NATO's de Hoop Scheffer (right) with Russia's Lavrov in Oslo on April 26 (AFP) PRAGUE, April 27, 2007 (RFE/RL) -- Russian President Vladimir Putin on April 26 announced the possibility that he would freeze his country's commitments under a key treaty limiting military buildup in Europe.

In between words of praise for Russia's economic and political achievements, Putin used his annual state-of-the-nation address to level an unambiguous warning to the West.

"It is time our partners made their own contribution to the reduction of armaments, by deeds, not words. Instead, they keep building up their armaments," Putin said in a nationally televised speech before Russia's Federal Assembly.
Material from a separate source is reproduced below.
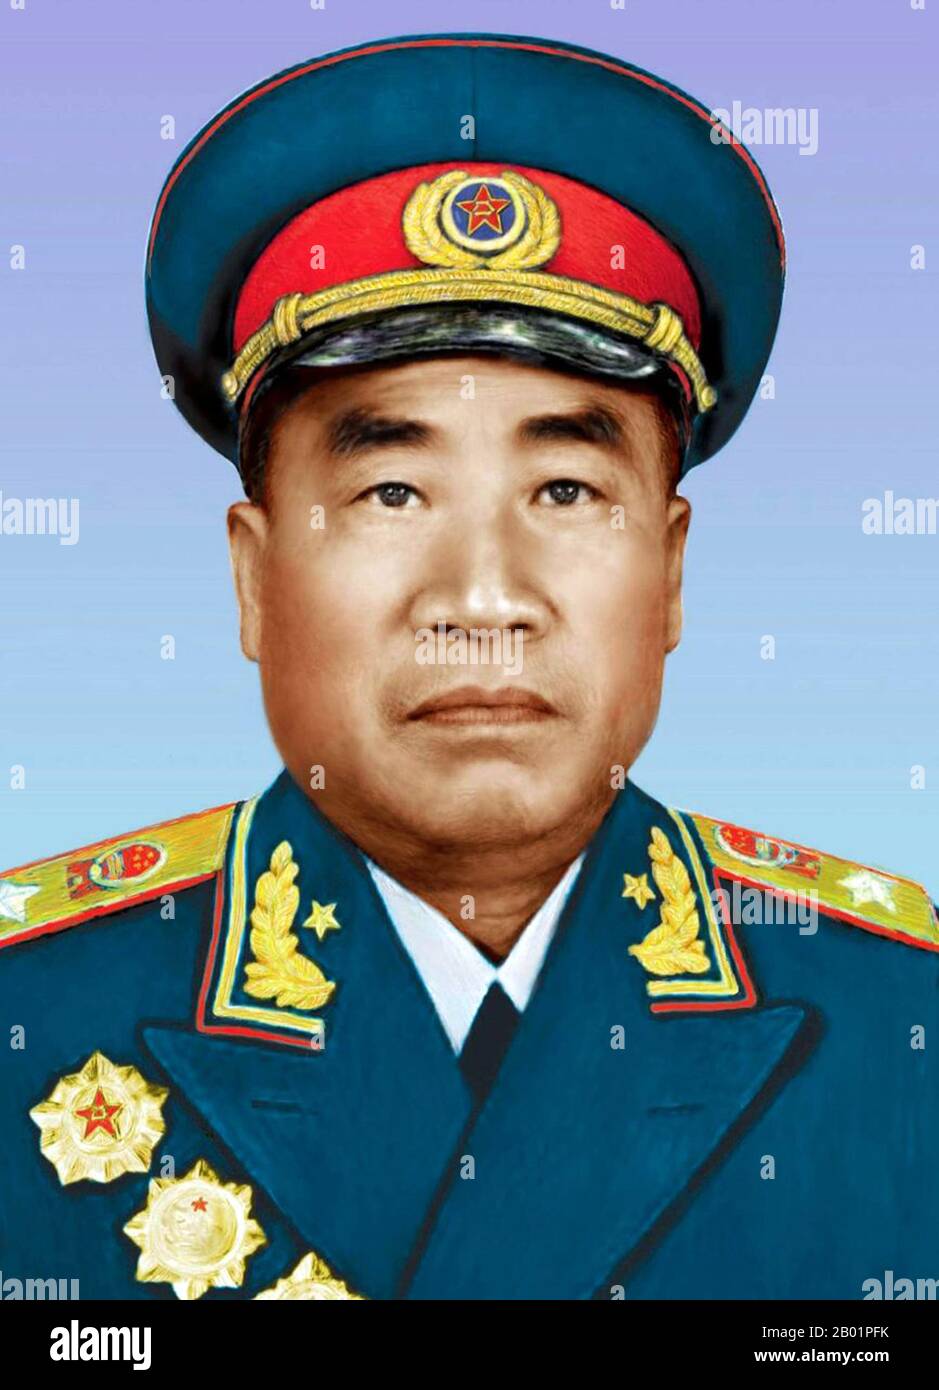 China: Zhu De (1 December 1886 - 6 July 1976) was a Chinese Communist general and military genius, c. 1955.  Zhu De was a Chinese Communist military leader and statesman. He is regarded as the founder of the Chinese Red Army (the forerunner of the People's Liberation Army) and the tactician who engineered the victory of the People's Republic of China during the Chinese Civil War. Stock Photo

"It's time for them to contribute to armament reduction at least in Europe. I propose discussing this issue at the NATO-Russia Council, and if no progress is achieved in negotiations, I propose to consider discontinuing our obligations under the Conventional Forces in Europe Treaty."

The CFE Treaty, signed in 1990 and revised in 1999, commits 28 European states, the United States, and Canada to limiting military deployments across the continent.

NATO Secretary-General Jaap de Hoop Scheffer has called the treaty a cornerstone of European security.

"Grave Concern"

Speaking April 26 at a NATO foreign ministers meeting in the Norwegian capital of Oslo, de Hoop Scheffer said he was dismayed by Putin's announcement.

Russian Foreign Minister Sergei Lavrov, he said, "confirmed President Putin's statement made this morning that Russia is suspending -- he used the word 'moratorium' -- its adherence to the adapted CFE Treaty."

De Hoop Scheffer added: "I can tell you that that message was met by concern, grave concern, disappointment and regret."

The threat from Russia came as NATO ministers were discussing a plan by the United States to base parts of a new missile-defense system in Poland and the Czech Republic.

The U.S. says the system is needed to protect the West against a possible missile attack by Iran.

Double Standard?

Russia has been unremitting in its opposition to the proposal. It accuses Washington of seeking to build up a defense shield that could eventually be used to repel Russia's own nuclear arsenal.

Lavrov, speaking in Oslo, defended Russia's sense of alarm.

"We can't be unconcerned by the fact that the NATO military infrastructure is drawing closer to our borders," he said.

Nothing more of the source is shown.